Стремясь увидеть все или как можно больше, он составлял себе такие программы, что менее выносливый человек не выдержал бы и недели. Посетил особняк Клюни, Сент-Шапель, Биржу («ужас»), Лувр, где не знал, чему отдать предпочтение – Джоконде или портретам Рембрандта, замок Фонтенбло, Версаль («Чувствую недостаток знаний»), Национальную библиотеку («набита народом»), кладбище Пер-Лашез, ипподром, рынок. Присутствовал на церемонии приема во Французскую академию графа де Фаллу и был удивлен, как множество одетых в черные мантии писателей слушали скучнейшие выступления. Отправился в Дижон – полюбоваться на церкви и посетить тамошние музеи. По возвращении в Париж решил пойти в Дом инвалидов. Здесь перед гробницей Наполеона его охватило негодование. Он не стал слушать гида, который шептал, как в храме, – чувствовал, как закипает в нем старинная злоба на завоевателя России, того, кто осквернил Москву. К этой исторической ненависти бессознательно примешивались воспоминания о недавней войне, в которой французы одержали верх. Со времен Севастополя прошло менее двух лет, и Толстой не в состоянии был вынести этого преклонения перед военной славой врага. Как мог народ, считающий себя поборником мира, свободы и разума, соорудить столь величественный саркофаг тому, кто залил кровью Европу? «Обоготворение злодея ужасно»,[250] – записывает Лев в дневнике.

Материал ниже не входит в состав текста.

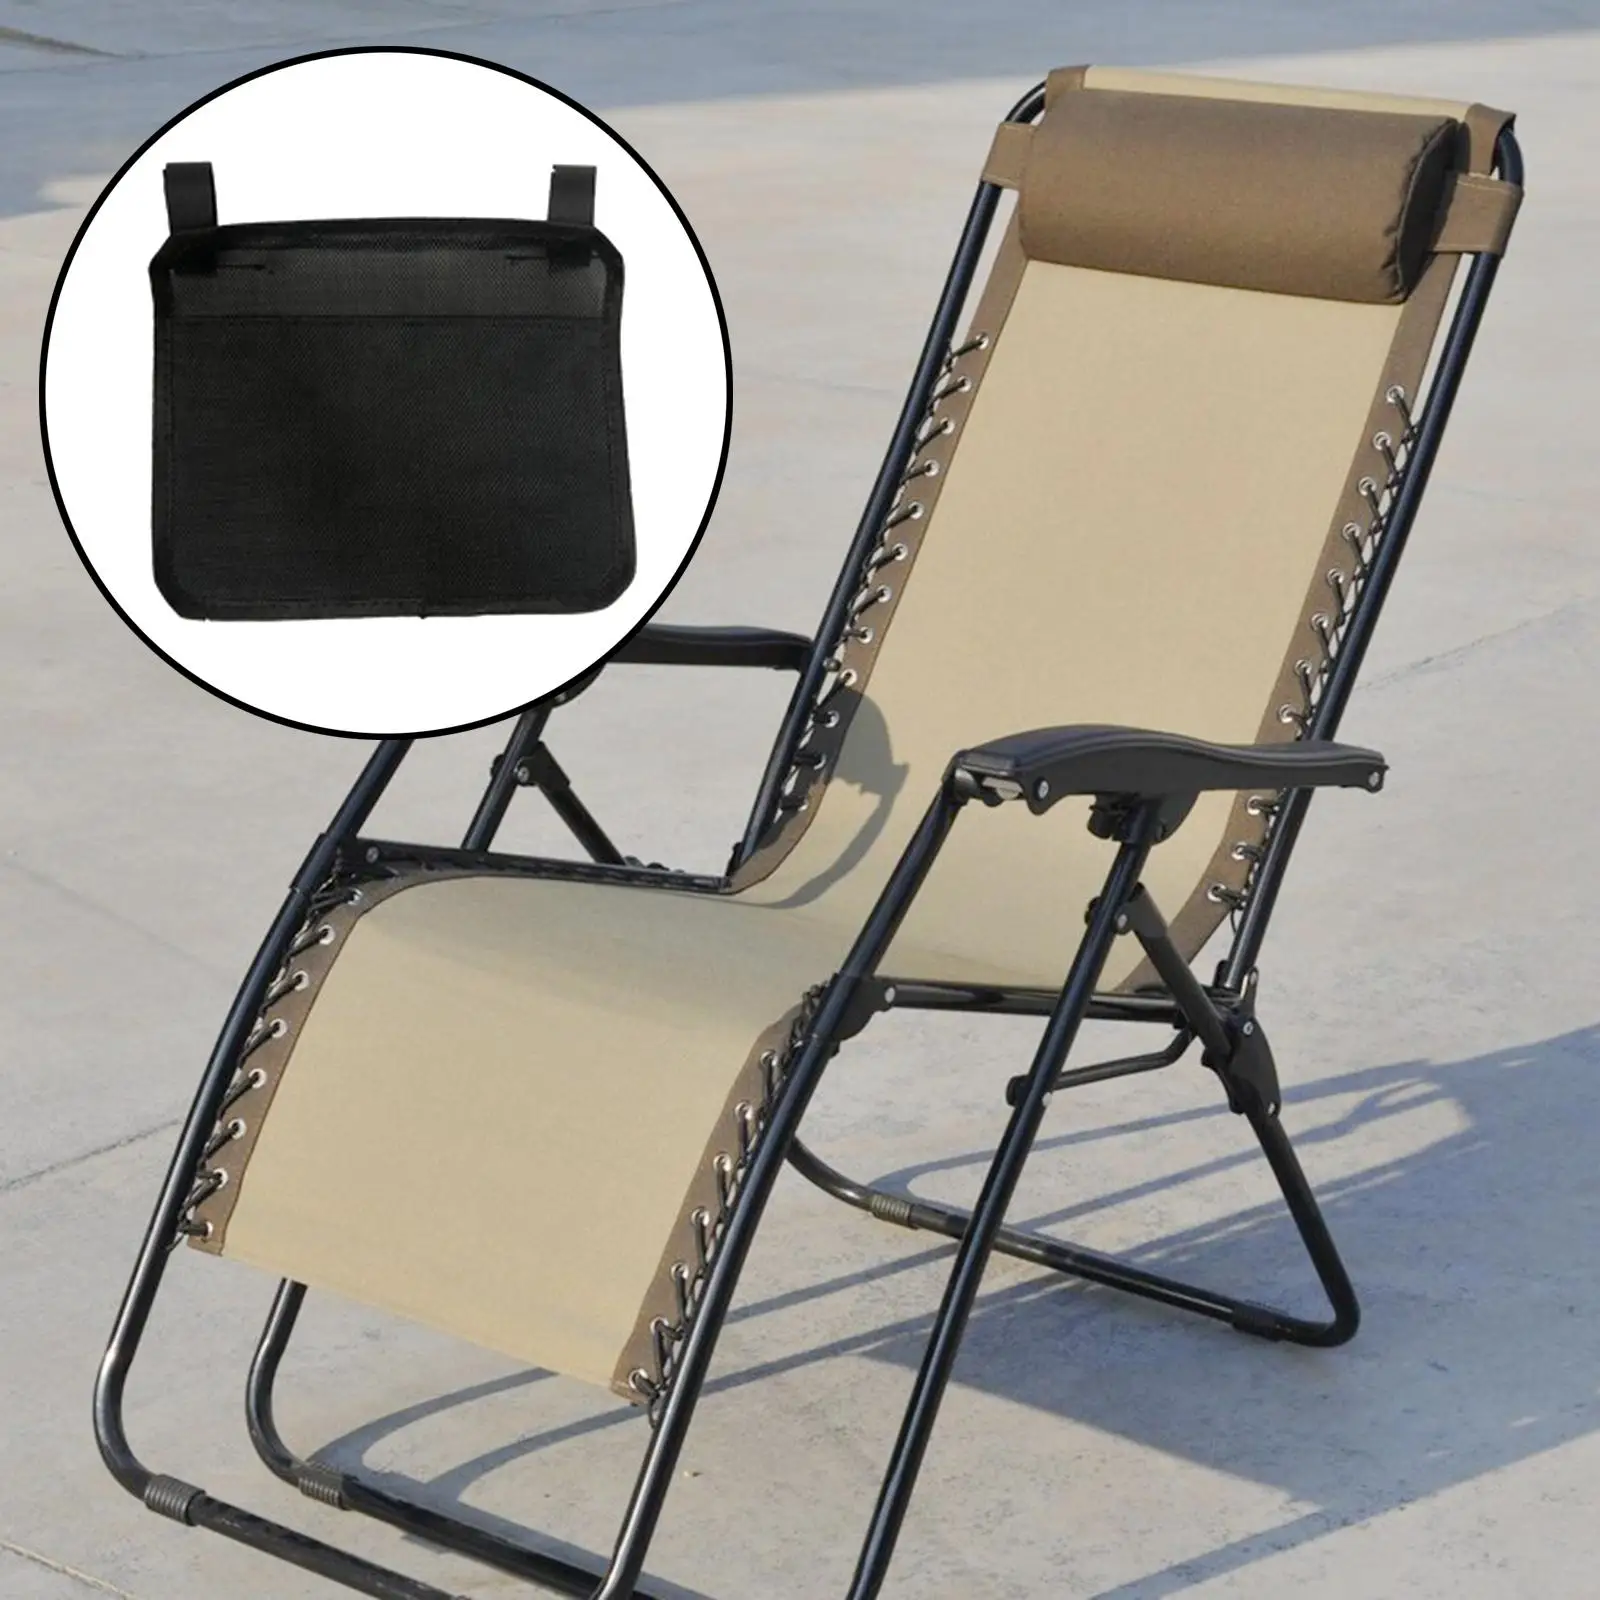 Universal   Side Bag Pockets for  Recliner Sun Lounger Bedside office  bookshelf Holder Hanging Bag

Еще больше поразило его, что в перечне побед, высеченных на полу крипты, он обнаружил Москву. Выскочил на улицу, пылая, заметил во дворе гревшихся на солнышке солдат-инвалидов. Их вид не только не смягчил его, напротив, распалил ненависть: тот, кто еще недавно воспевал героизм сражавшихся в Крыму, вне зависимости от их национальной принадлежности, в тот же вечер занес в дневник: «Солдаты, ученые звери, чтобы кусать всех. Им следует умирать с голоду. Оторванные ноги поделом». За несколько дней до того он замечал с такой же озлобленностью: «Читал речь Наполеона с неописуемым отвращением». В этой речи, произнесенной 16 февраля 1857 года на открытии сессии Законодательного собрания, Наполеон III провозглашал свое желание служить человечеству, правосудию и цивилизации. По мнению Толстого, невозможно было верить обещаниям племянника Наполеона I.